Phenomenographic studies often investigate a range of meanings in a particular group of people rather than revealing the different meanings expressed by one interviewee. Each transcript is explained based on the similarities and dissimilarities within the holistic set of transcripts, and none of them can be interpreted independently of the others (Åkerlind, 2005b). The essence of phenomenographic analysis lies in comparing and contrasting between different individual transcripts so as to identify the meaning and structural aspects and further generate the categories of description.
In addition, a collective-level analysis is related to the ultimate aim of phenomenographic research, which, as Åkerlind, Bowden and Green (2005, p.76) claim;
[…] is not to capture any particular individual’s understanding, but rather to capture the range of understandings across a particular group. In other words, the analysis goes across and between all of the interview transcripts so that the categories of description that are yielded reflect not individual meanings or conceptions, but rather conceptions from a pool of meanings. The interpretation is, thus, based on the interviews as a holistic group, not as a series of individual interviews.
It is the crucial aspects of the collective experience, rather than the details of individuals’ experience, that should be highlighted during the analysis (Åkerlind et al., 2005).
In practice, I stopped myself from indulging too much in analysing individual transcripts. The ‘pool of meanings’ approach ensured that the analysis was on the basis of contrasting between various transcripts. If some individual’s utterance seemed to be different and special, I would first ensure the meaning of it was faithfully understood and interpreted. Then I placed it in the ‘pool of meanings’ and compared it with others, rather than focusing on a personal story.

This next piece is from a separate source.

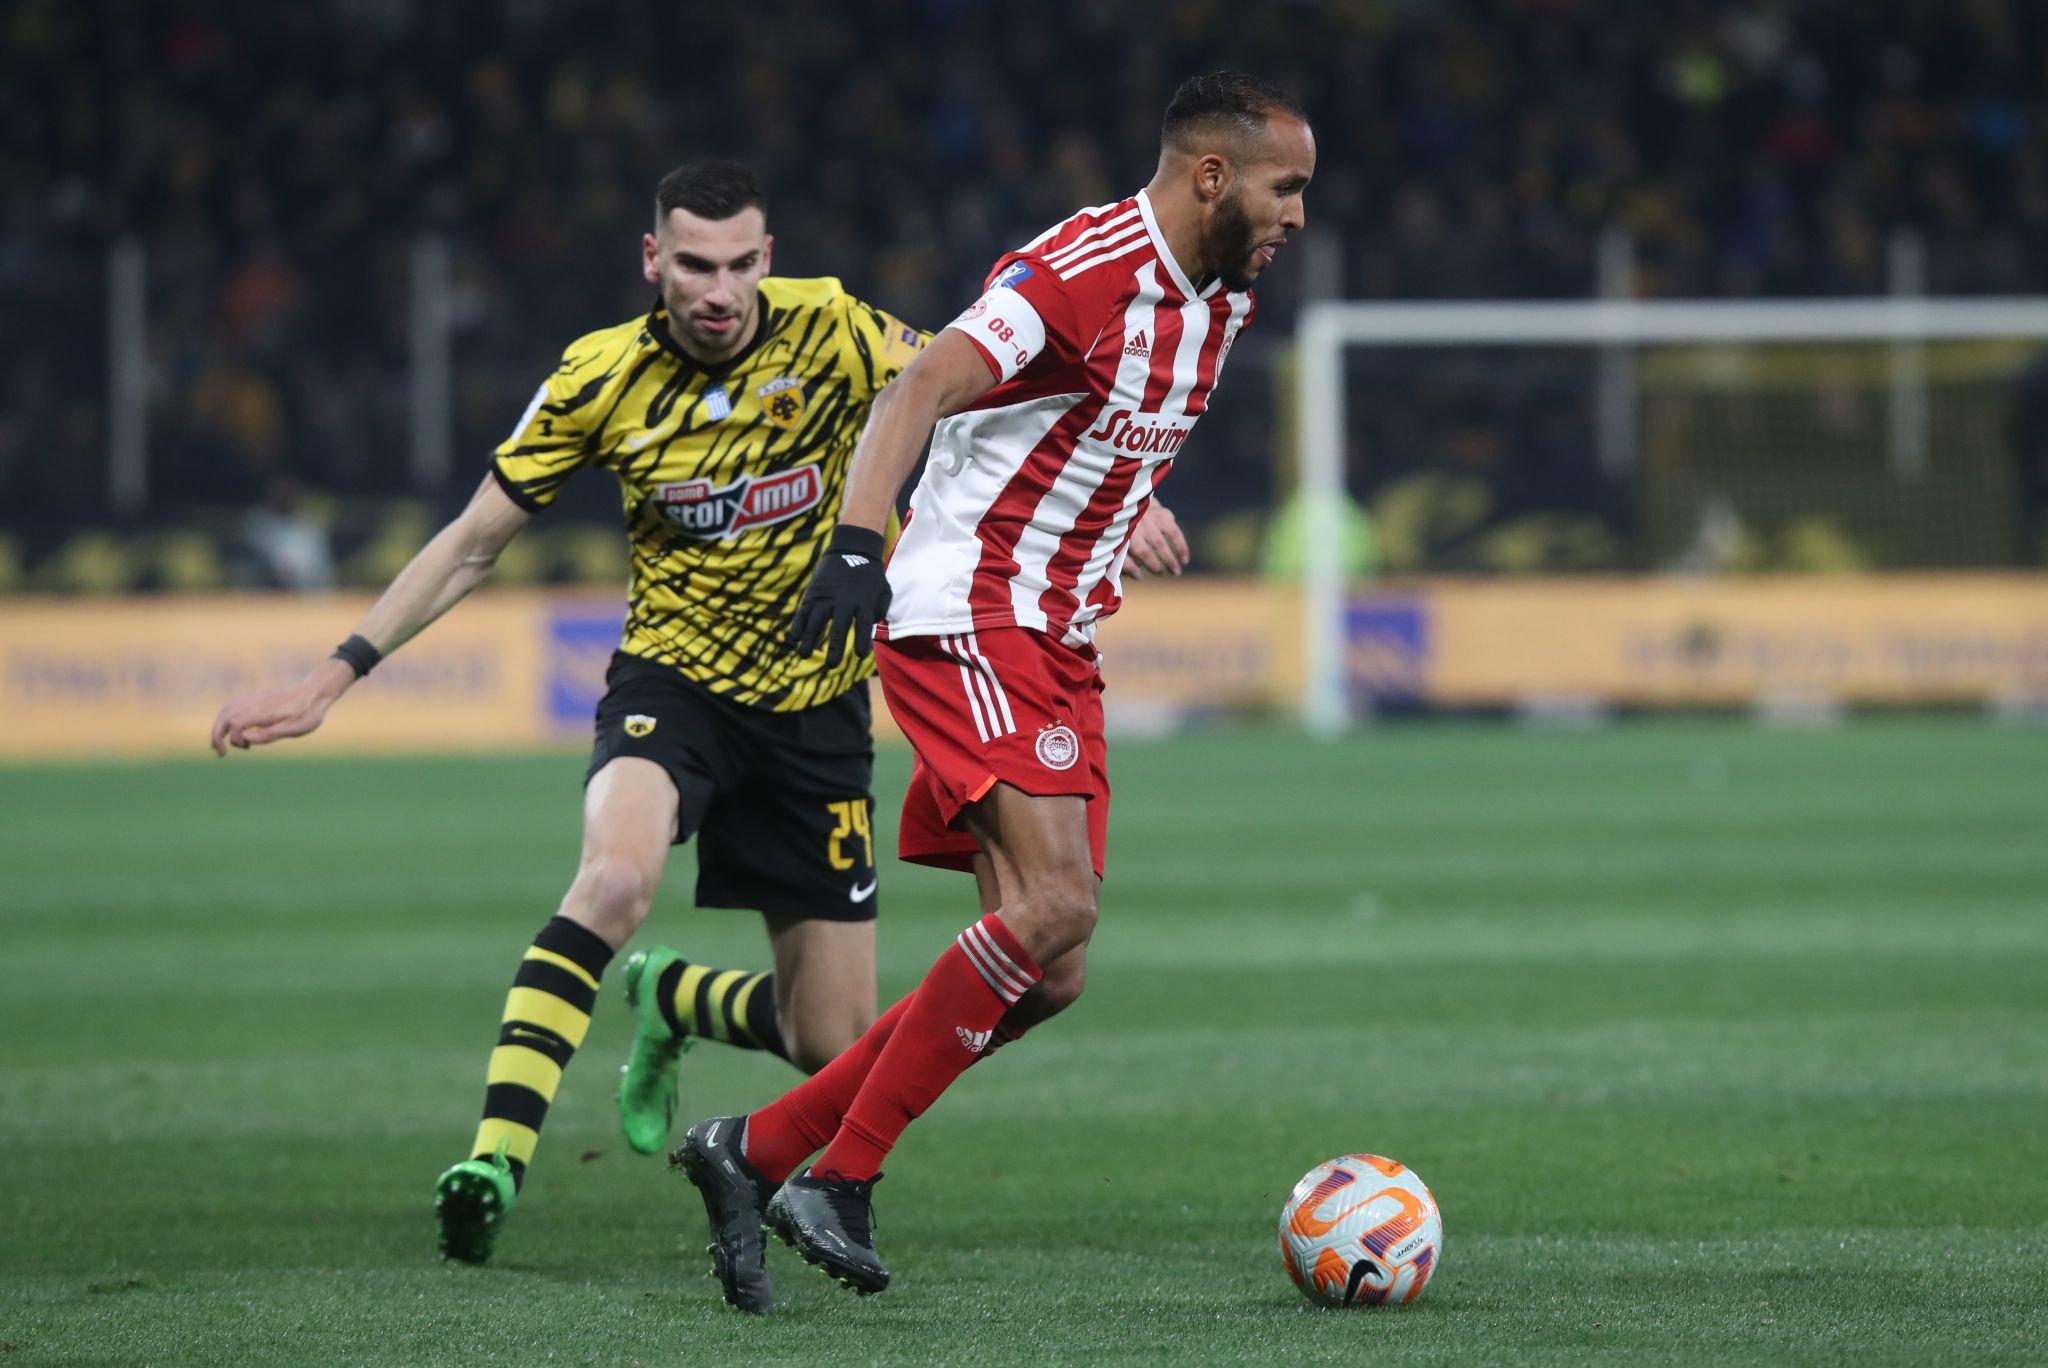 A defeat for Olympiacos

In addition to the data collection, Säljö’s (1997, p.177) criticism, that it is problematic for phenomenographic researchers to choose to consider the “utterances from individuals made in specific situations and with varying motives” as indicative of conceptions, could be further minimised here following the collective-level analysis. Adawi et al. (2001, pp.19-20) contend that
[Säljö's criticism] seems to confuse the individual and the collective levels, which leads to an understanding that a phenomenographic analysis is an analysis of individual pieces of data, where it is in fact an analysis of a set of pieces of data at the collective level. It is the whole of the data material, generally interviews, that goes to make up the pool of meaning with which the researcher engages to analyse structure and meaning, […] not as a set of individuals but as a deliberately varied and holistic sample of the population of interest.
As stated, the emphasis of phenomenography lies in the collective mind. Phenomenographic researchers must not indulge in an individual’s world too much, rather it is the collective level that analysis should be carried out. Sandberg (1997, p.206) notes that a conception “cannot be seen in its entirety in data obtained from a single individual, but only in data obtained from several individuals”, and each individual can only “express some important aspect of the particular conception”. Even though some interviewees might not be able to articulate their ways of experiencing, the ultimate aim is the variation of conceptions among the group of students (Cope, 2000; Smith, 2010).